DATASET EXCERPT —
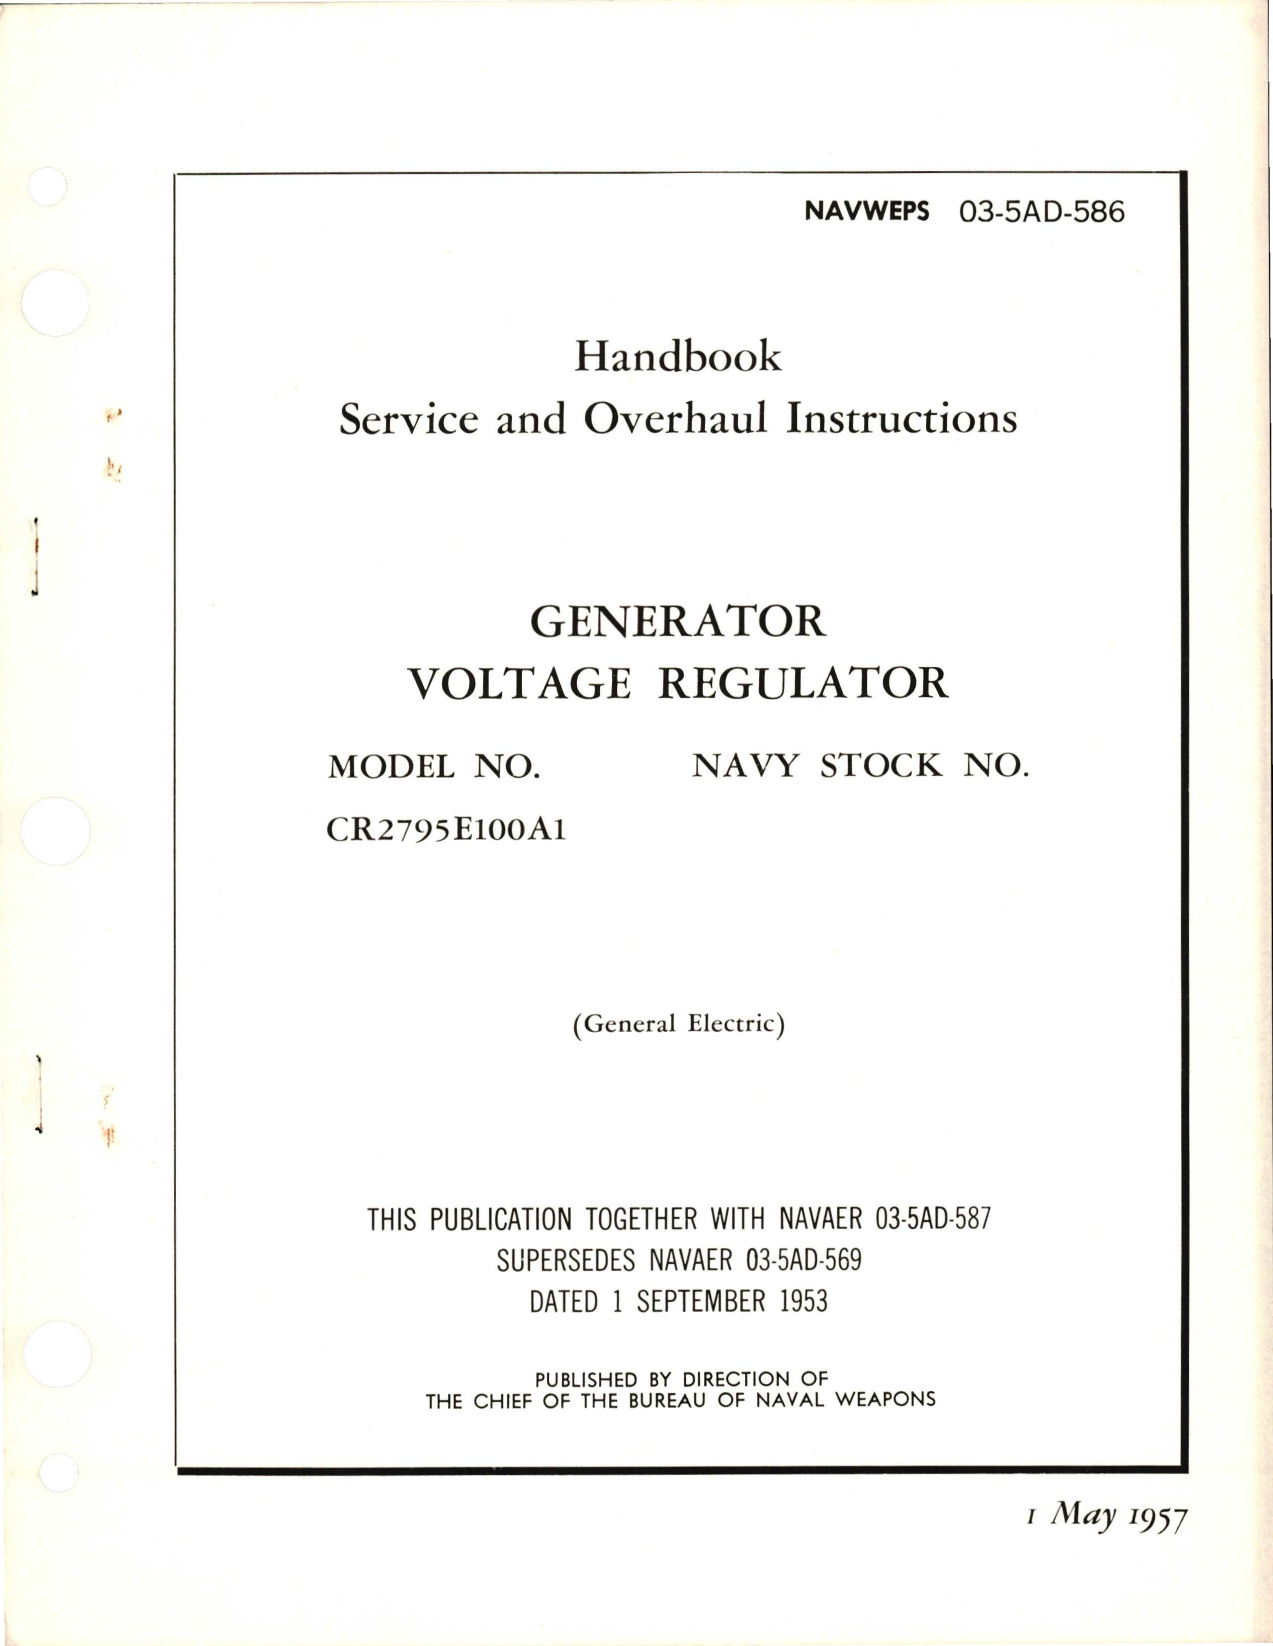 Sample page 1 from AirCorps Library document: Service and Overhaul Instructions for Generator Voltage Regulator - Model CR2795E100A1
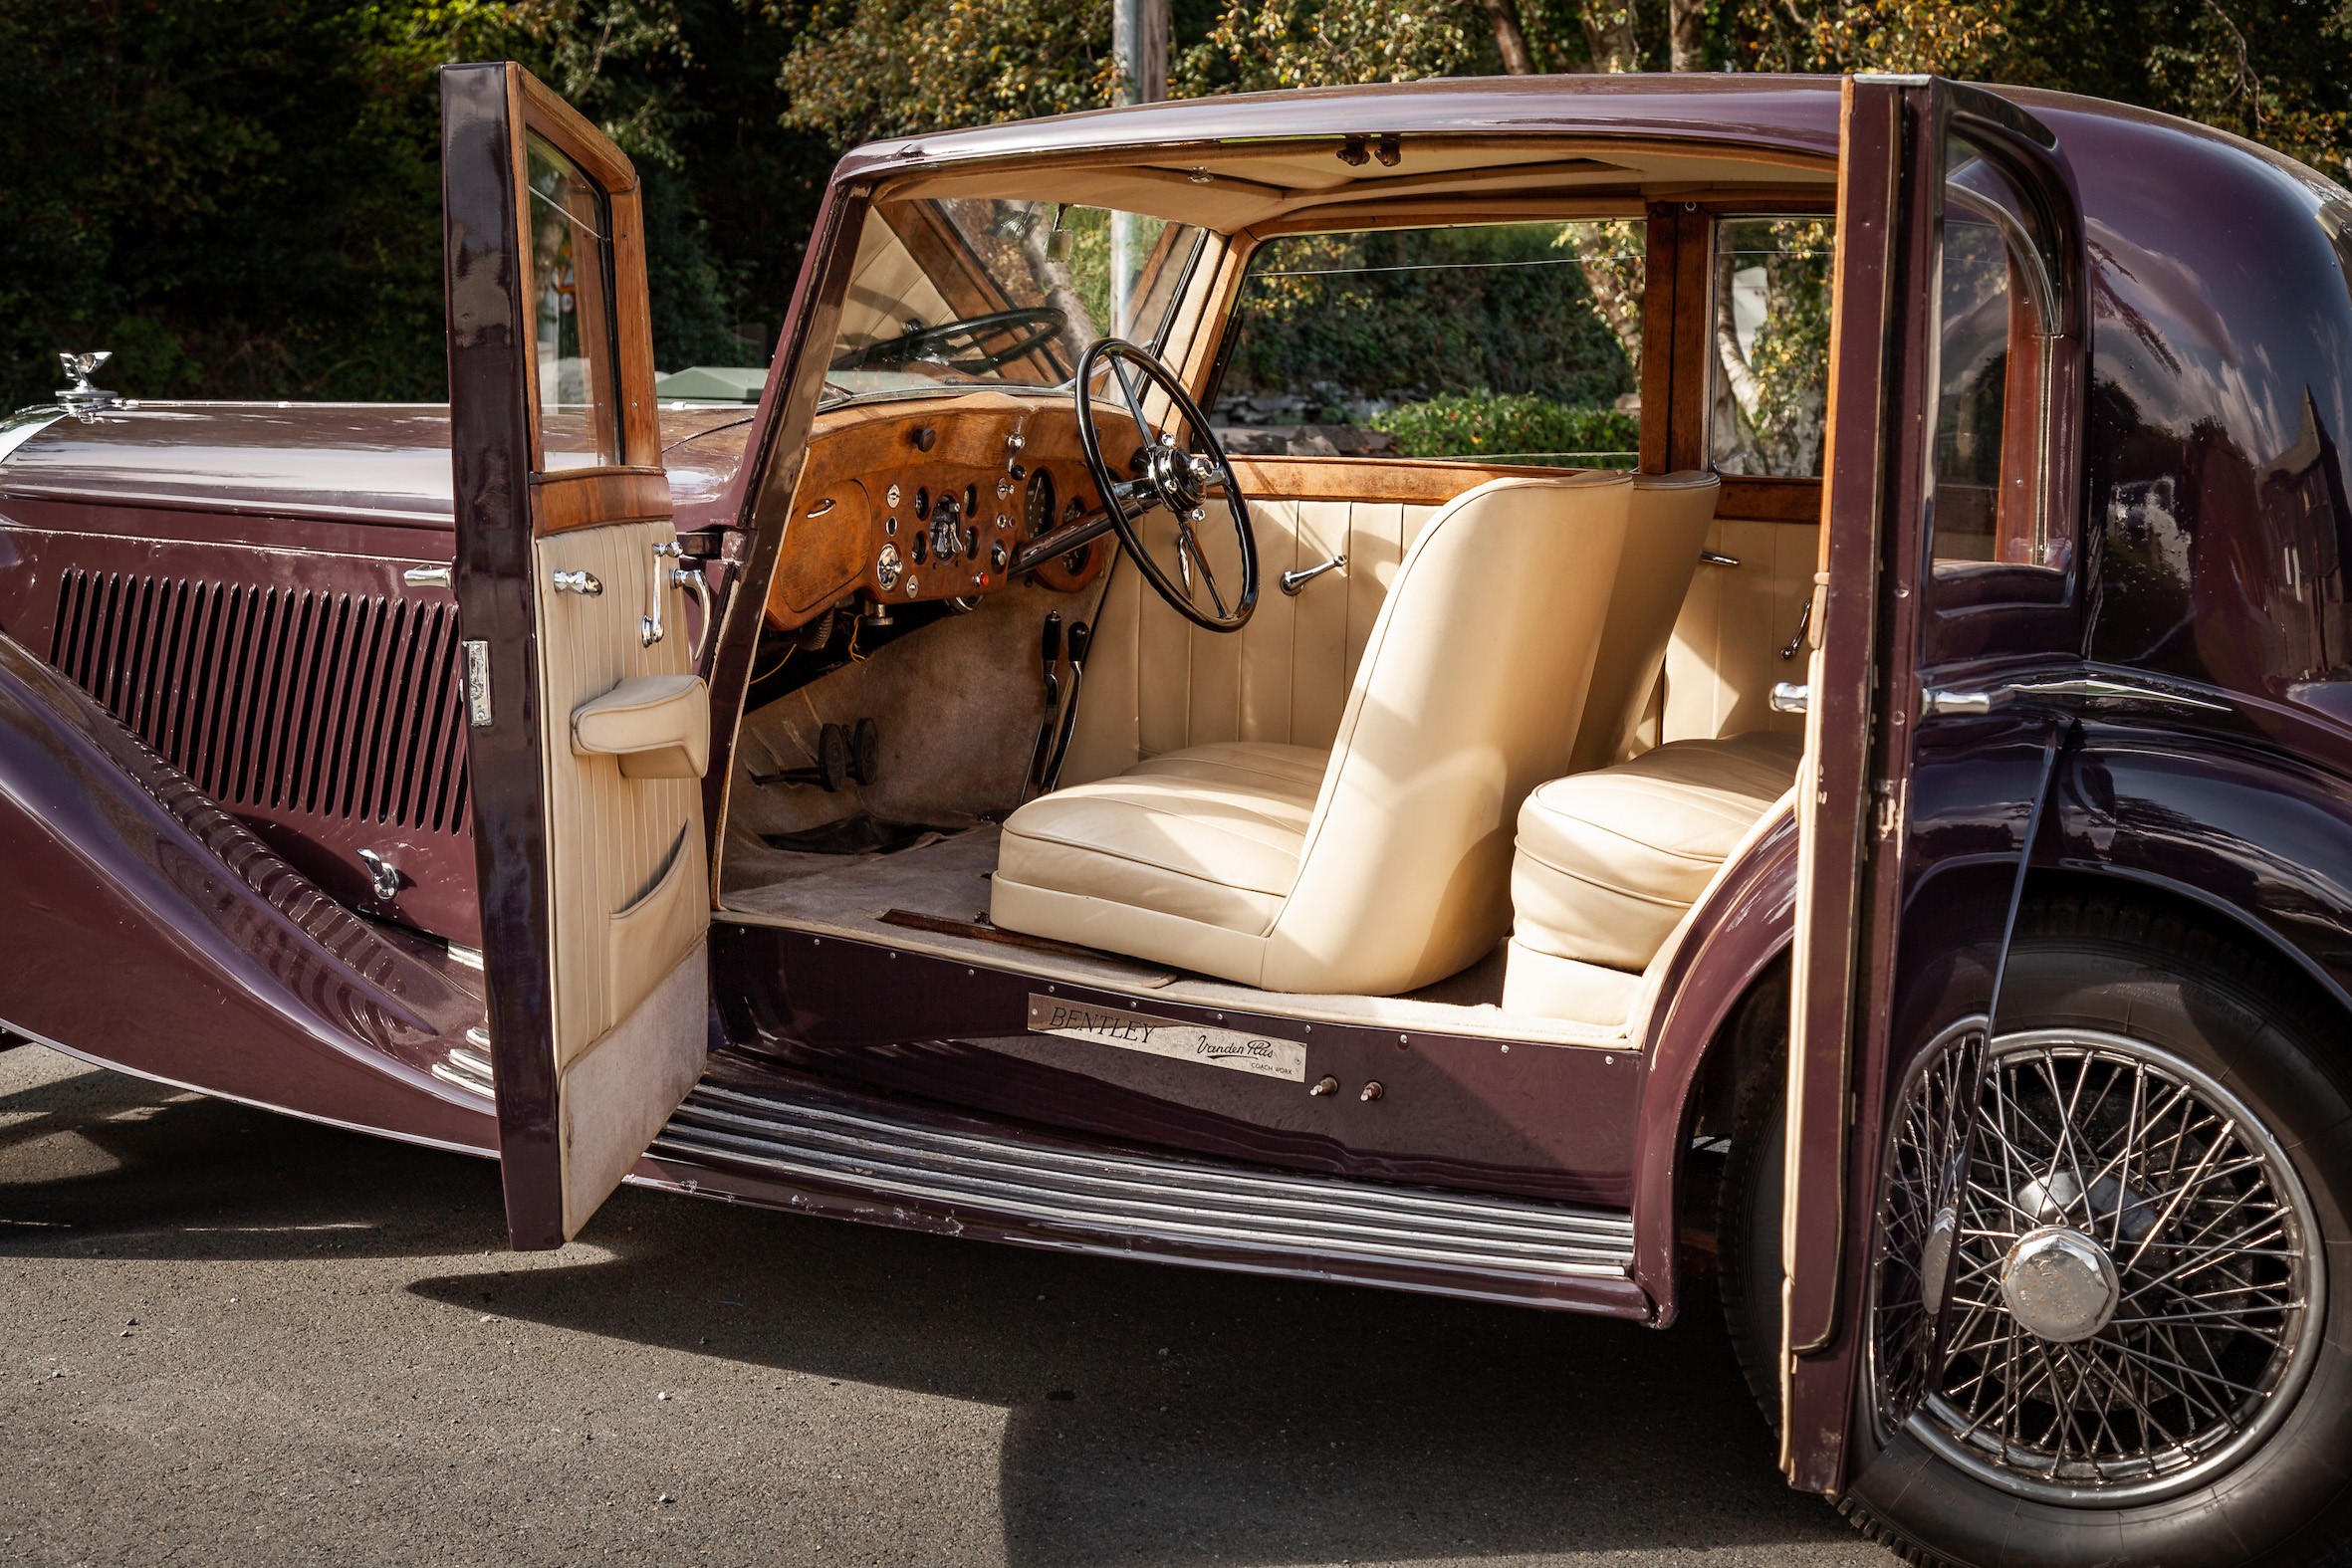 1937 Bentley for sale H&H Classics Buxton pavilion gardens 6th October
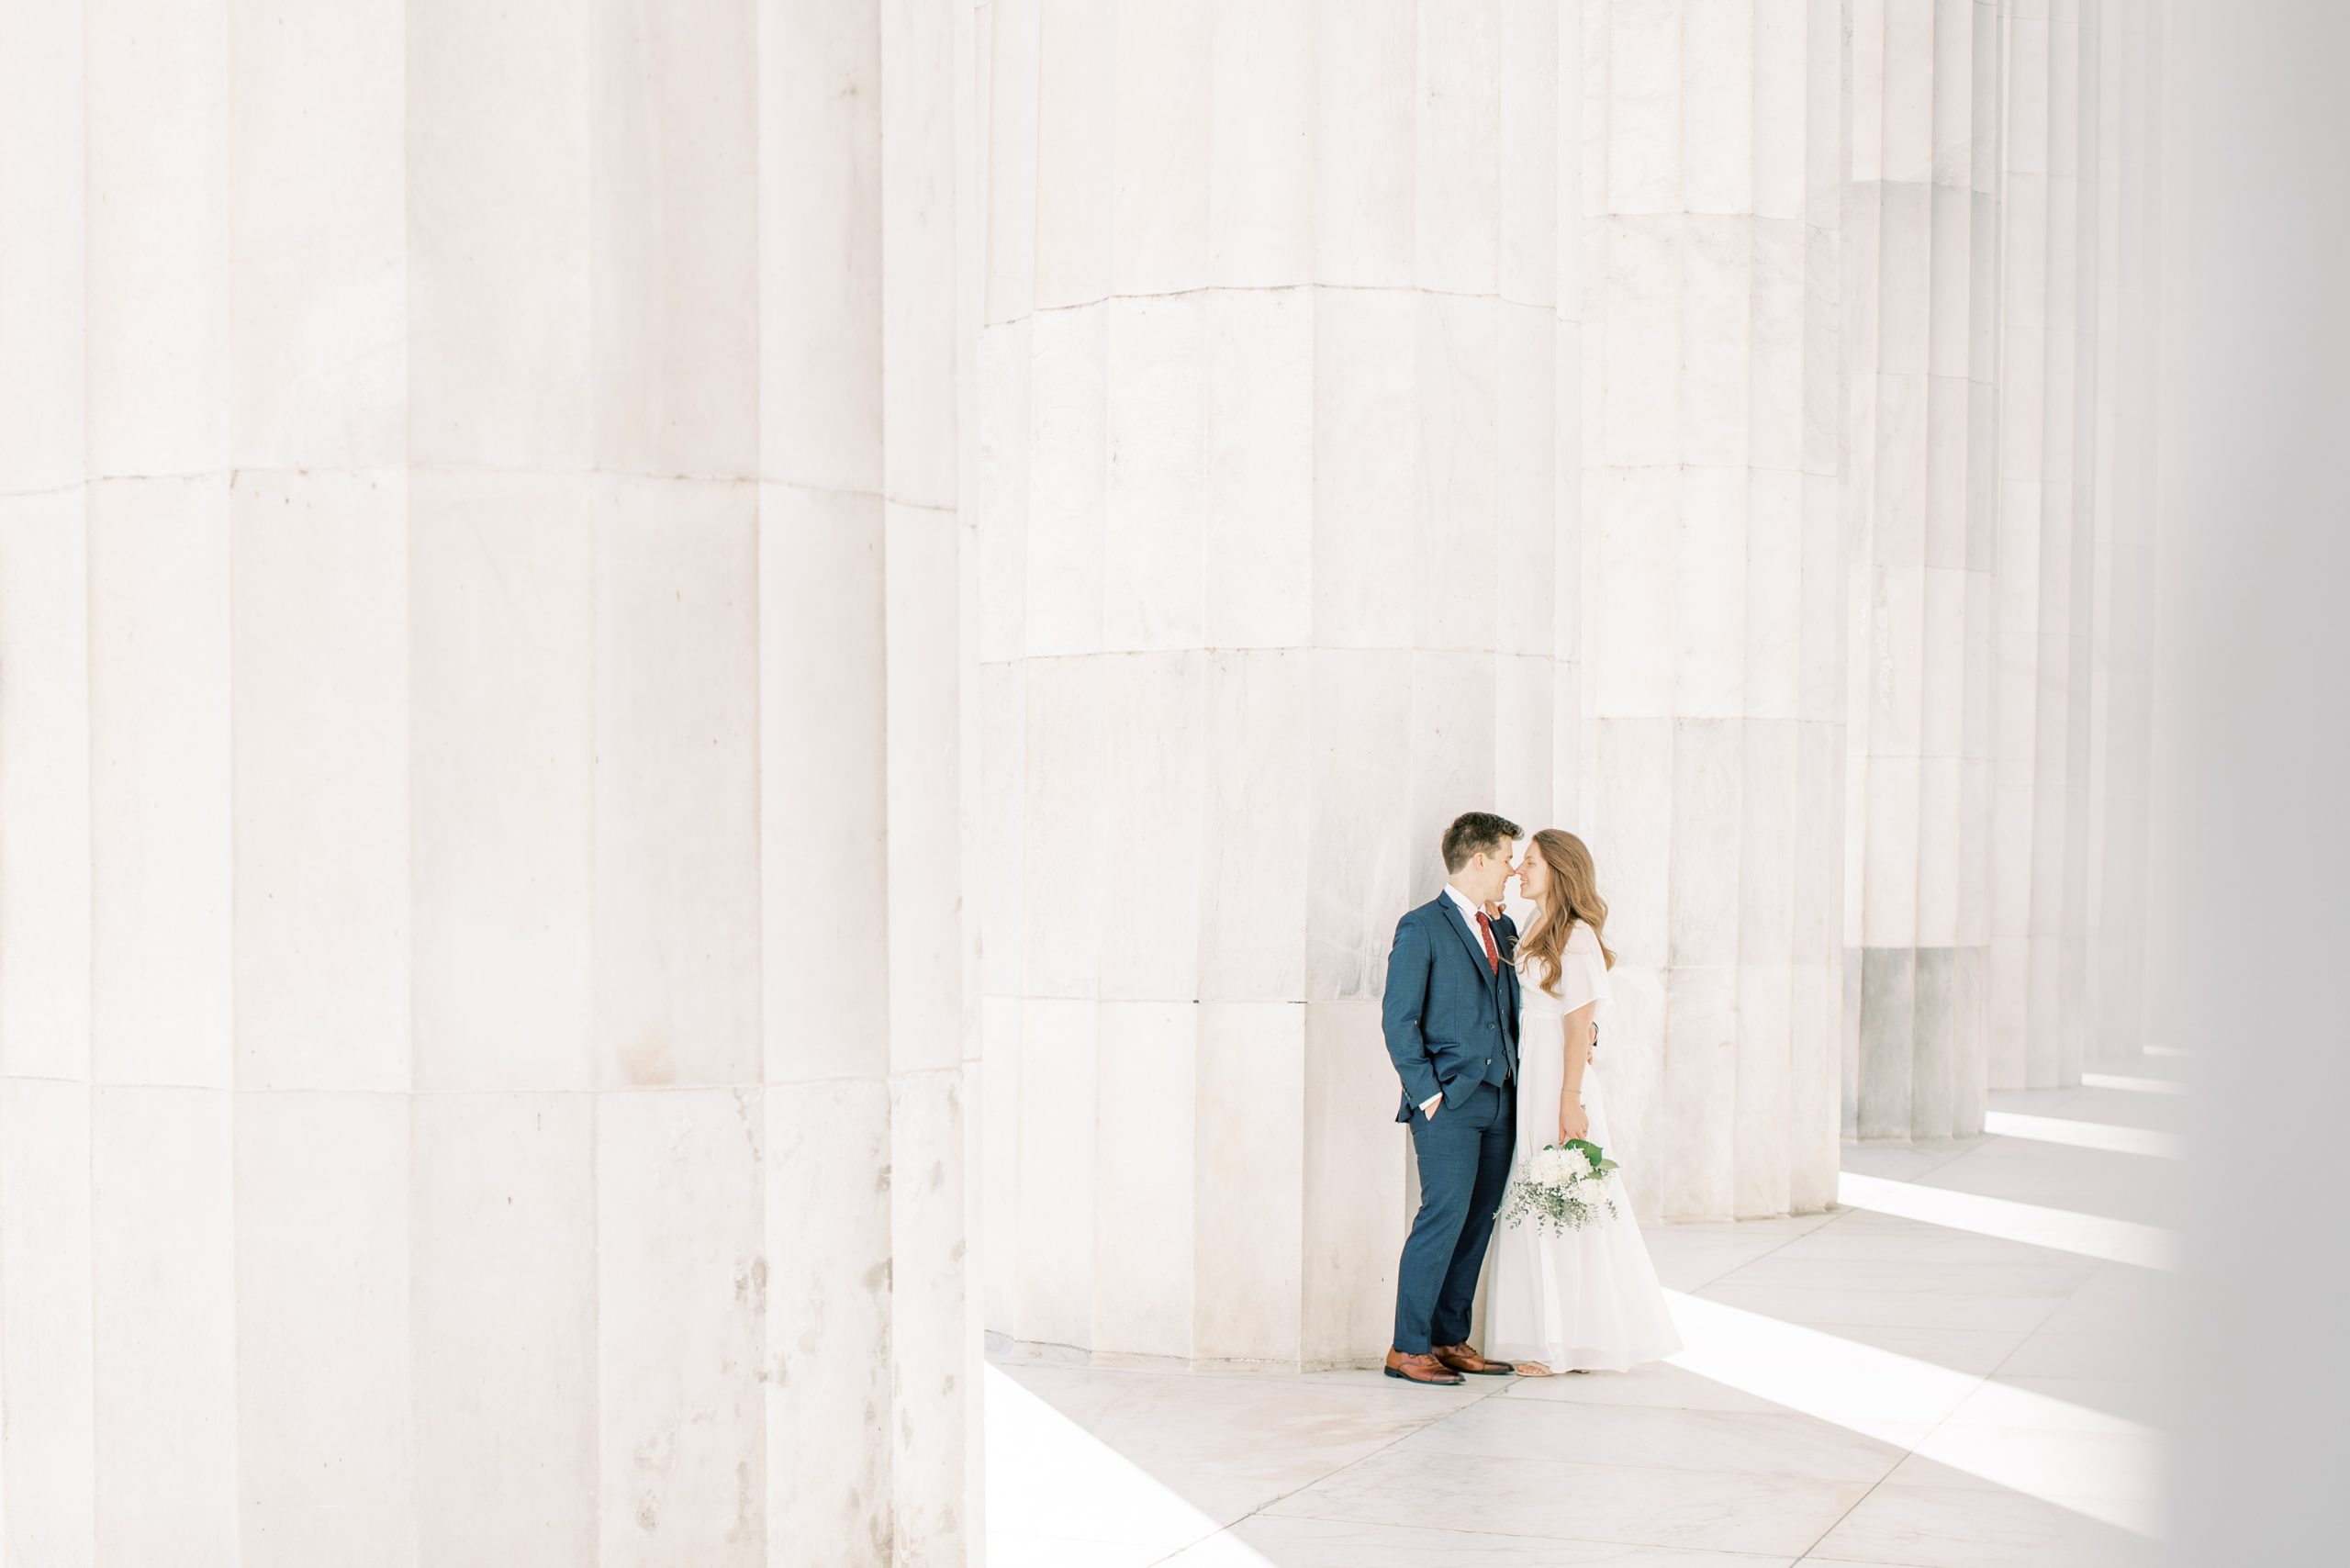 An intimate fall elopement at the DC War Memorial in Washington, DC with newlywed portraits following at the Lincoln Memorial.

WHAT YOU WILL DO — Pictures aside, transcribe exactly the lines from the line containing "1937 Bentley for" through the final line of the material above.

ANSWER —
 1937 Bentley for sale H&H Classics Buxton pavilion gardens 6th October
 An intimate fall elopement at the DC War Memorial in Washington, DC with newlywed portraits following at the Lincoln Memorial.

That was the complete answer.